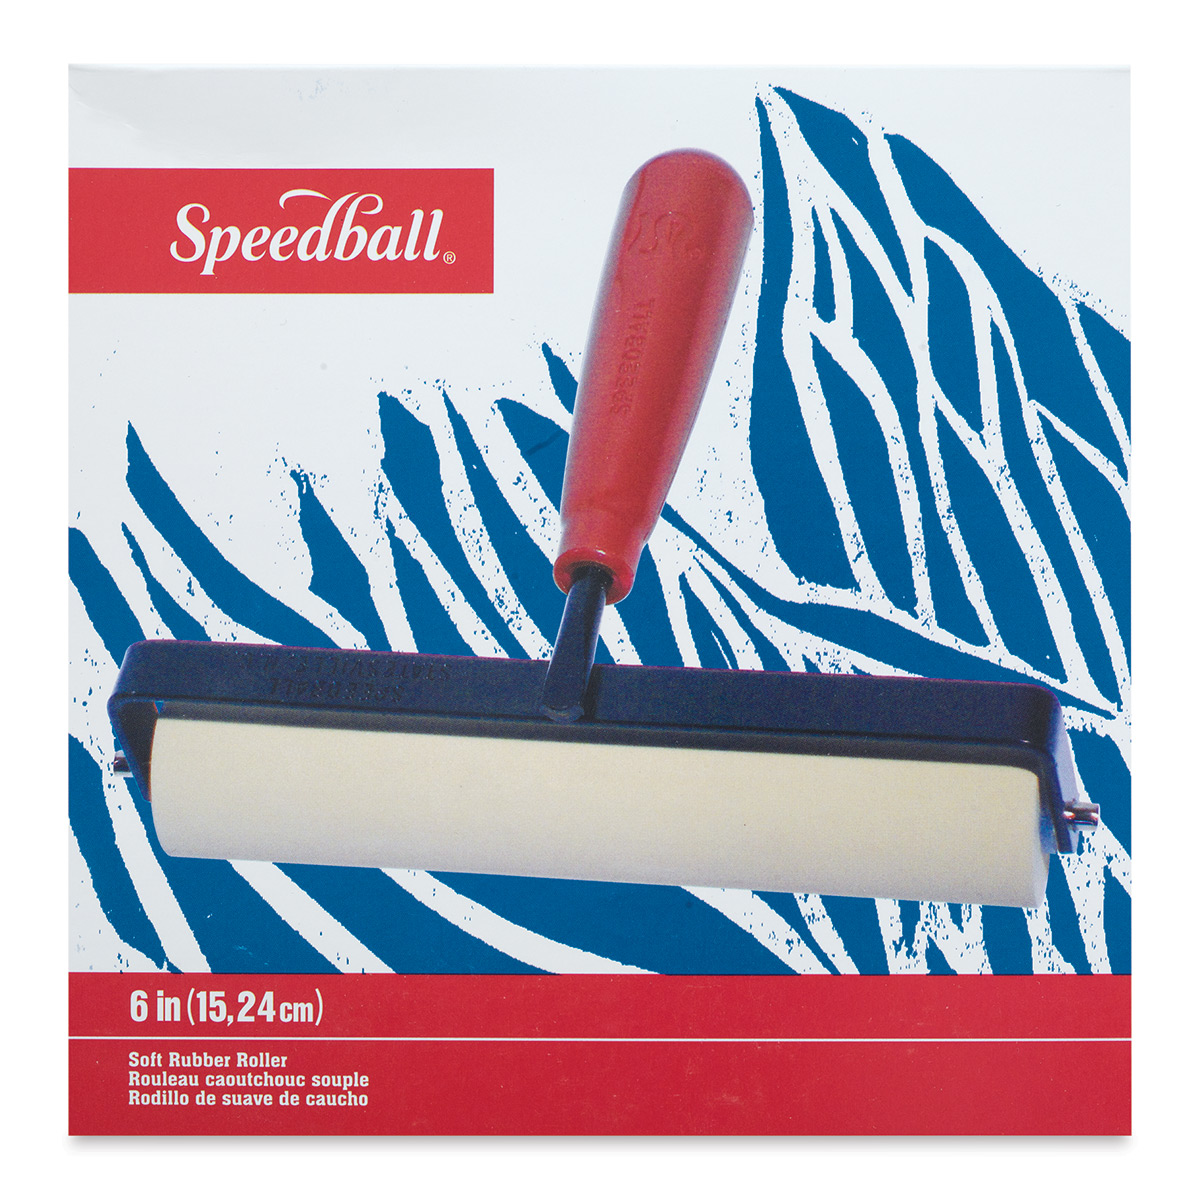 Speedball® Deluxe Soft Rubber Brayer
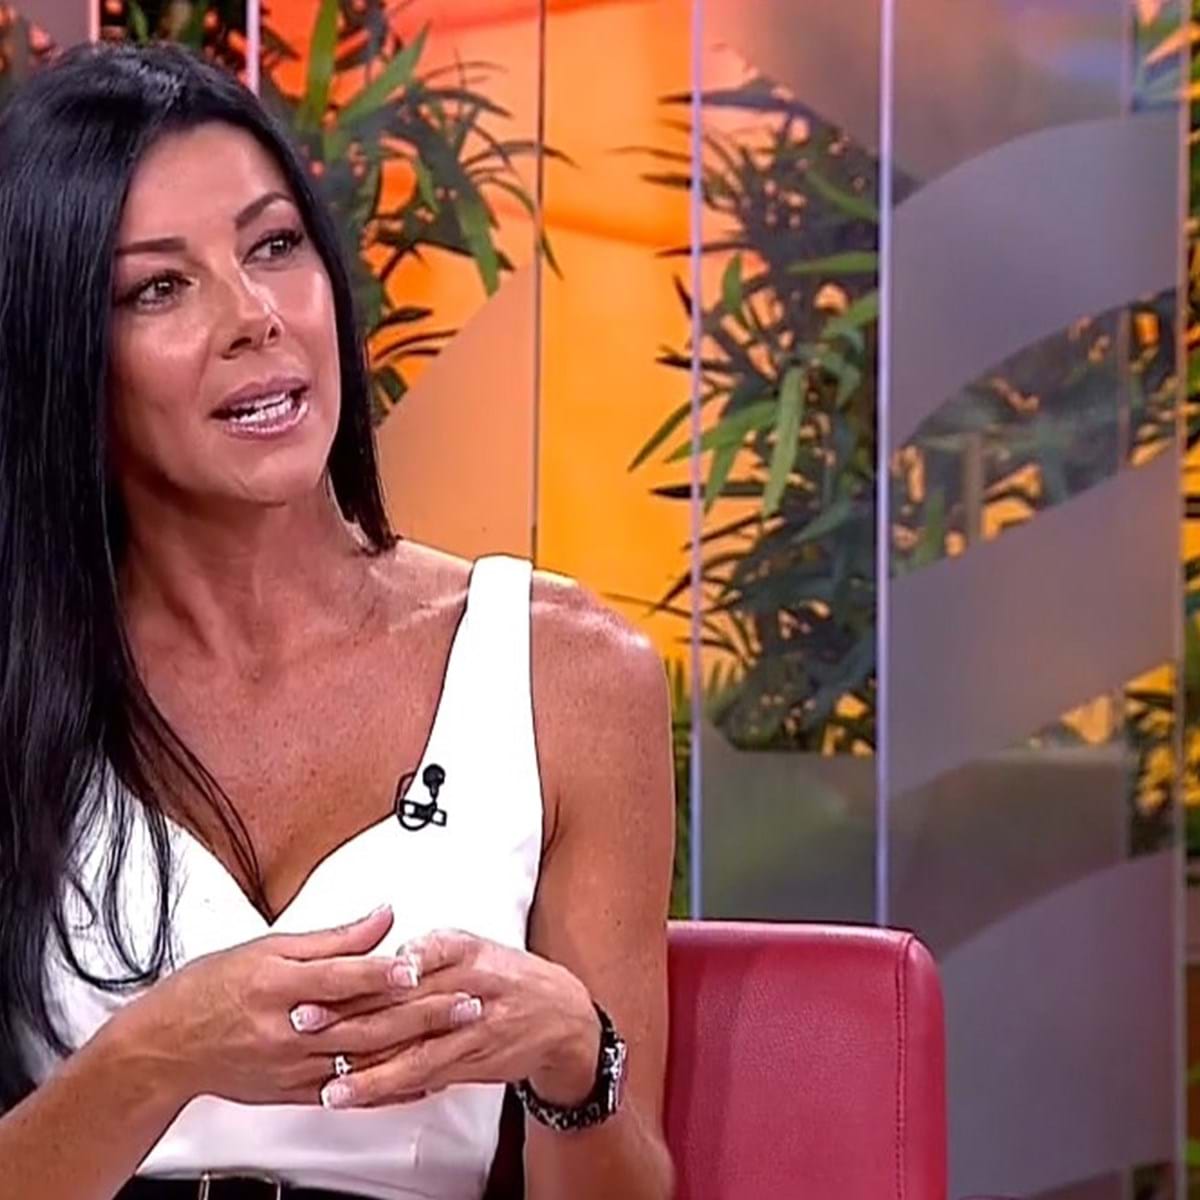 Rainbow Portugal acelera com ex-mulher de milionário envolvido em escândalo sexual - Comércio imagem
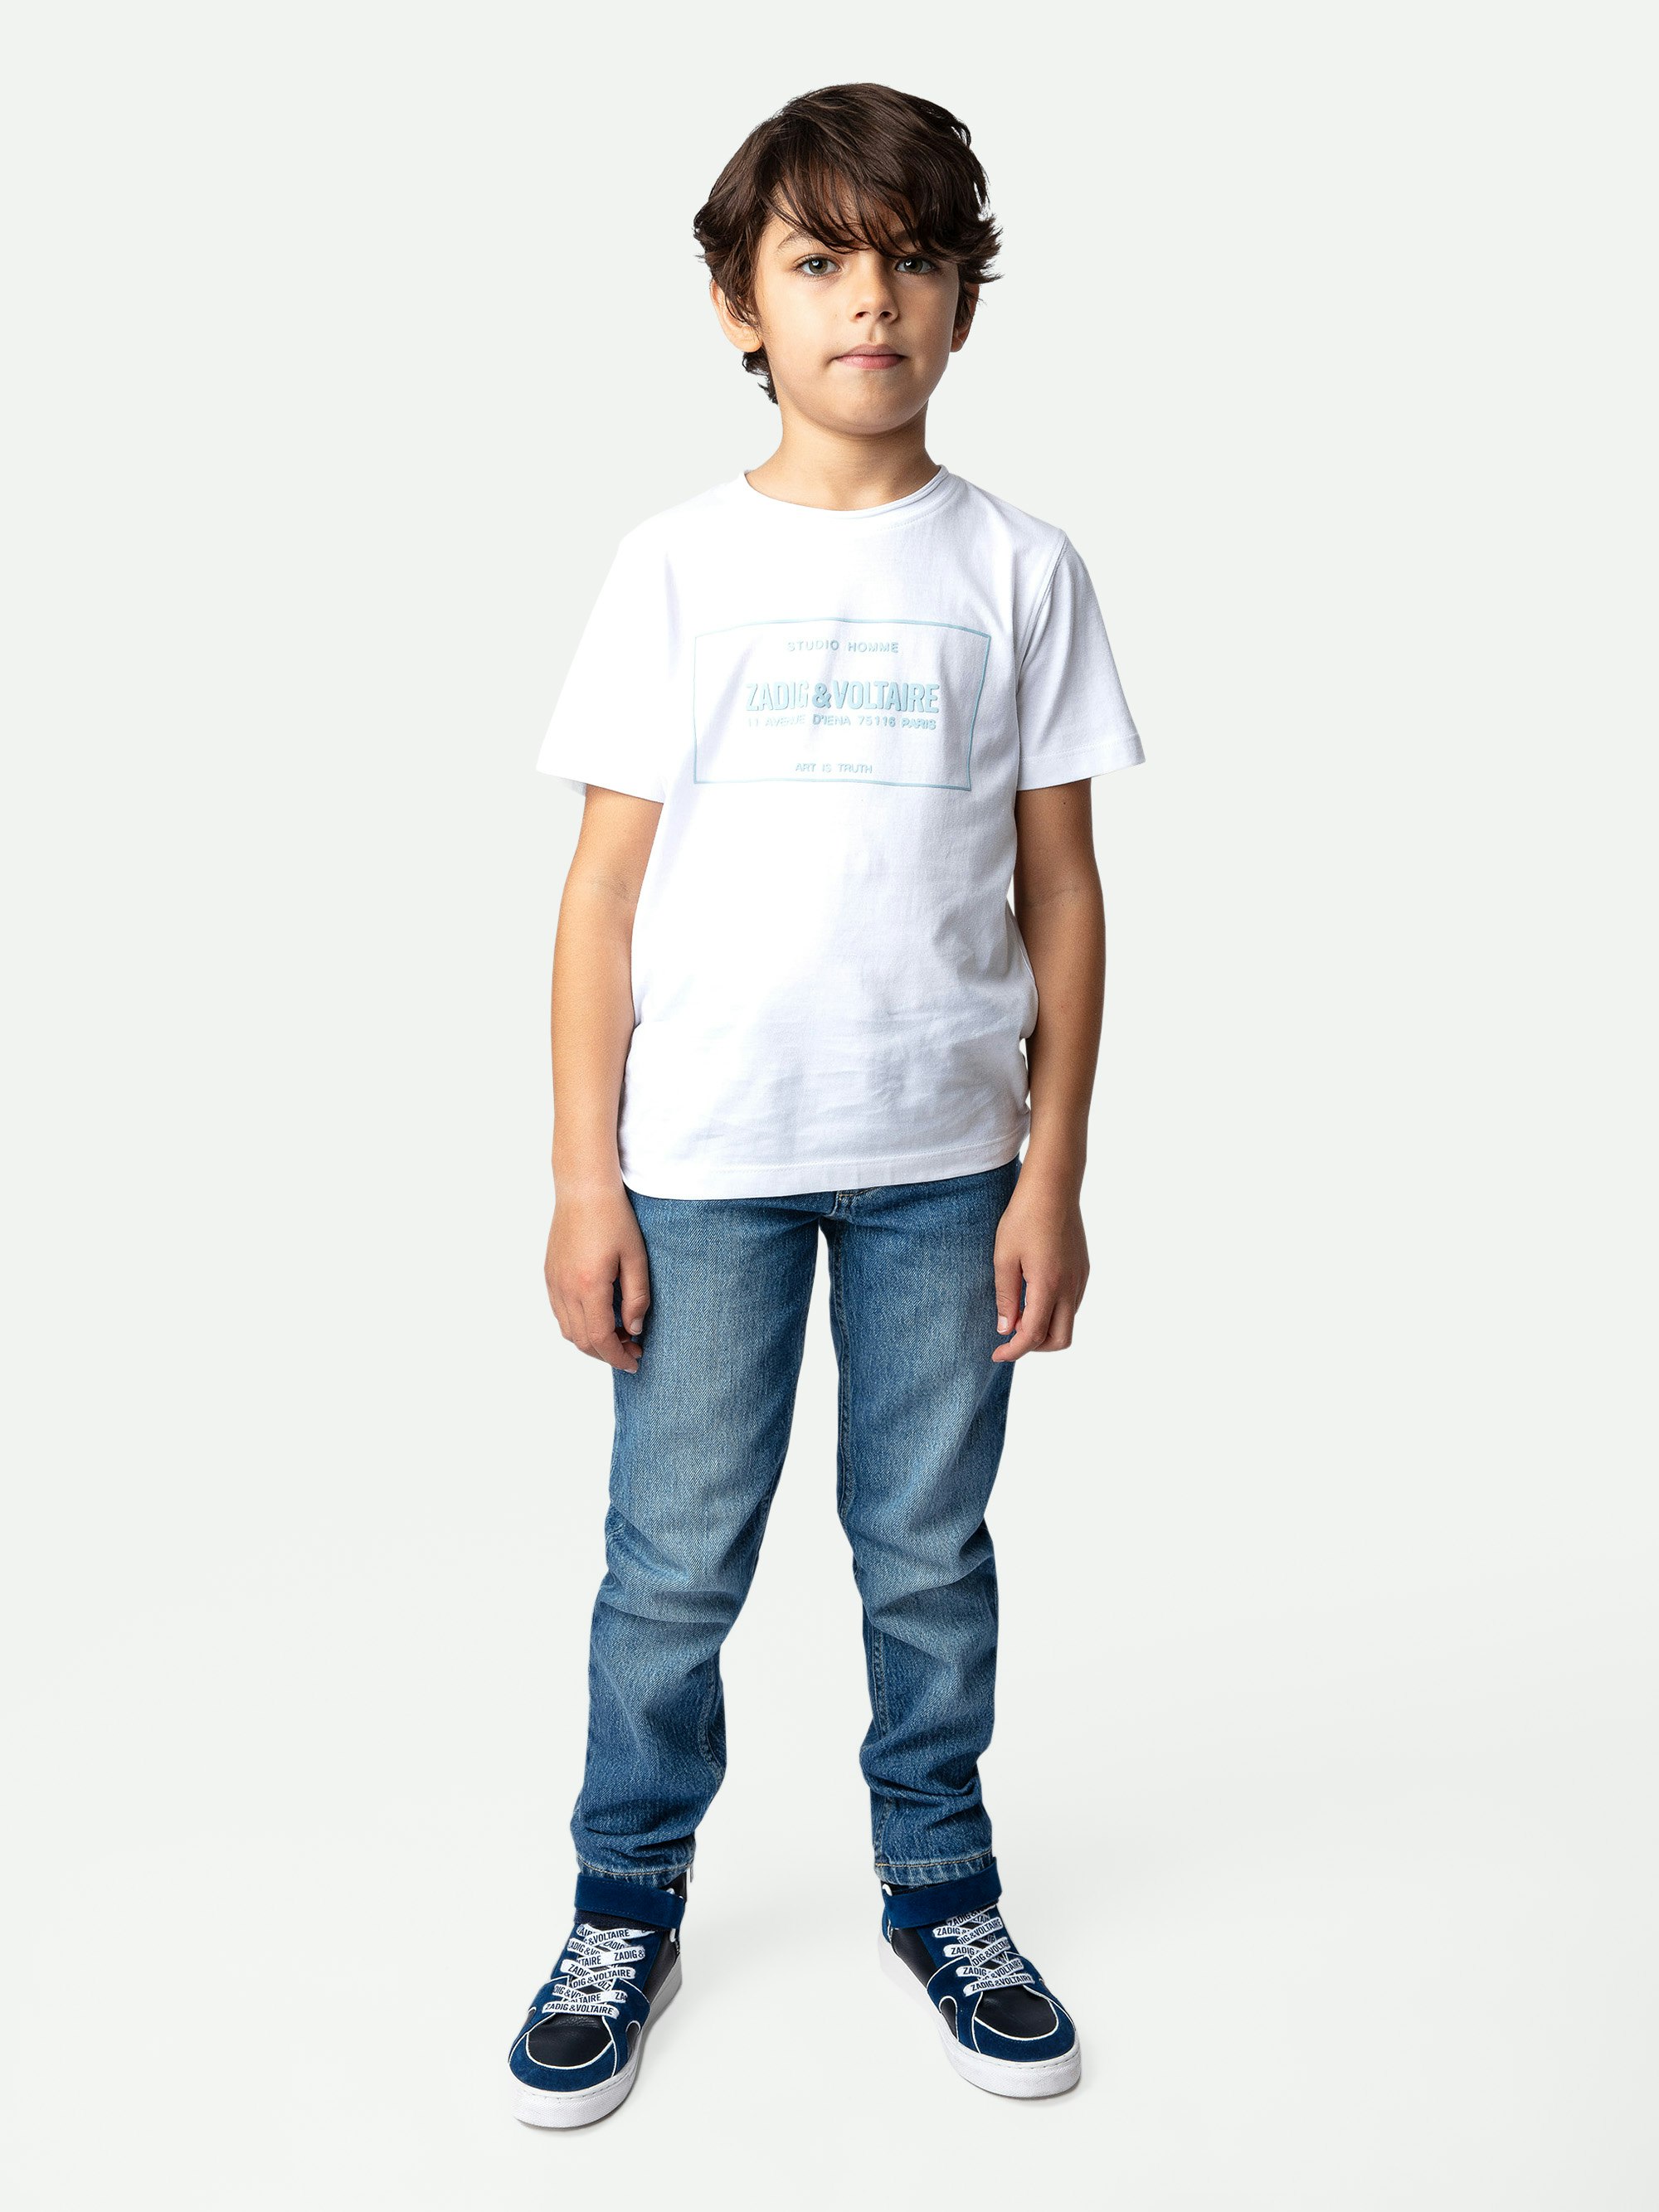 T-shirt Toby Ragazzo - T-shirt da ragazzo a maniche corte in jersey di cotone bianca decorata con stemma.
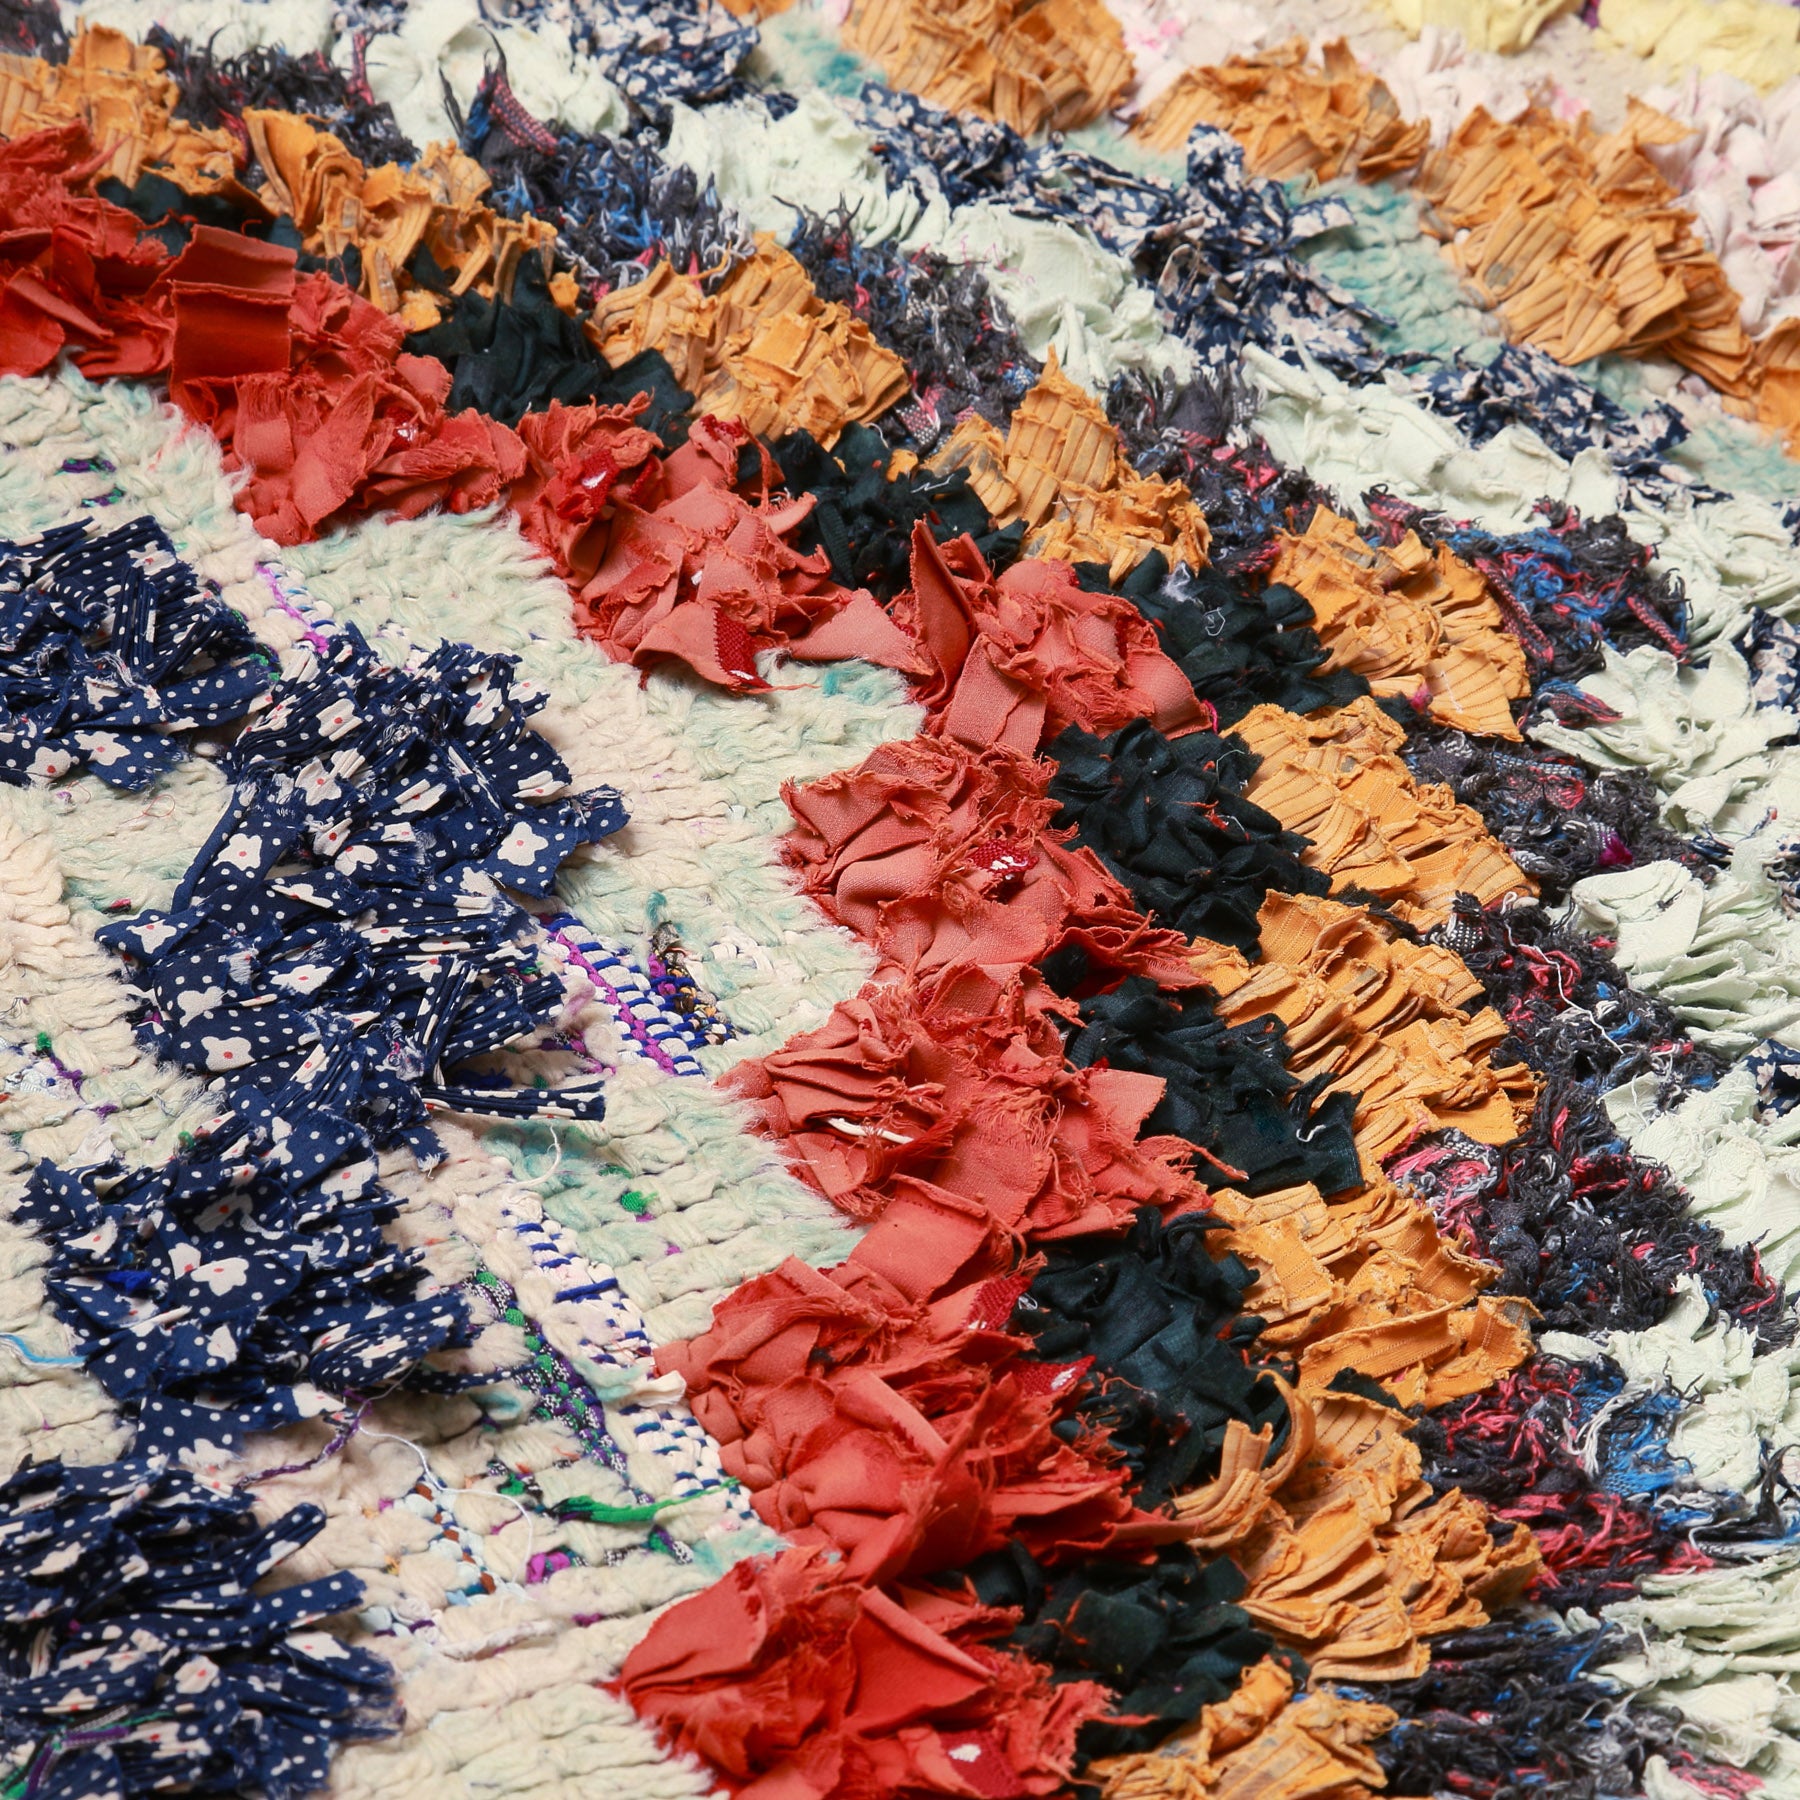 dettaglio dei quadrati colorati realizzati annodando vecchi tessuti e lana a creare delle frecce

PROMPT: Return each of the lines exactly as they appear above, with no images.

THE COMPLETED TASK:
 Speedball® Deluxe Soft Rubber Brayer
 Rainbow Portugal acelera com ex-mulher de milionário envolvido em escândalo sexual - Comércio imagem
 T-shirt Toby Ragazzo - T-shirt da ragazzo a maniche corte in jersey di cotone bianca decorata con stemma.
 dettaglio dei quadrati colorati realizzati annodando vecchi tessuti e lana a creare delle frecce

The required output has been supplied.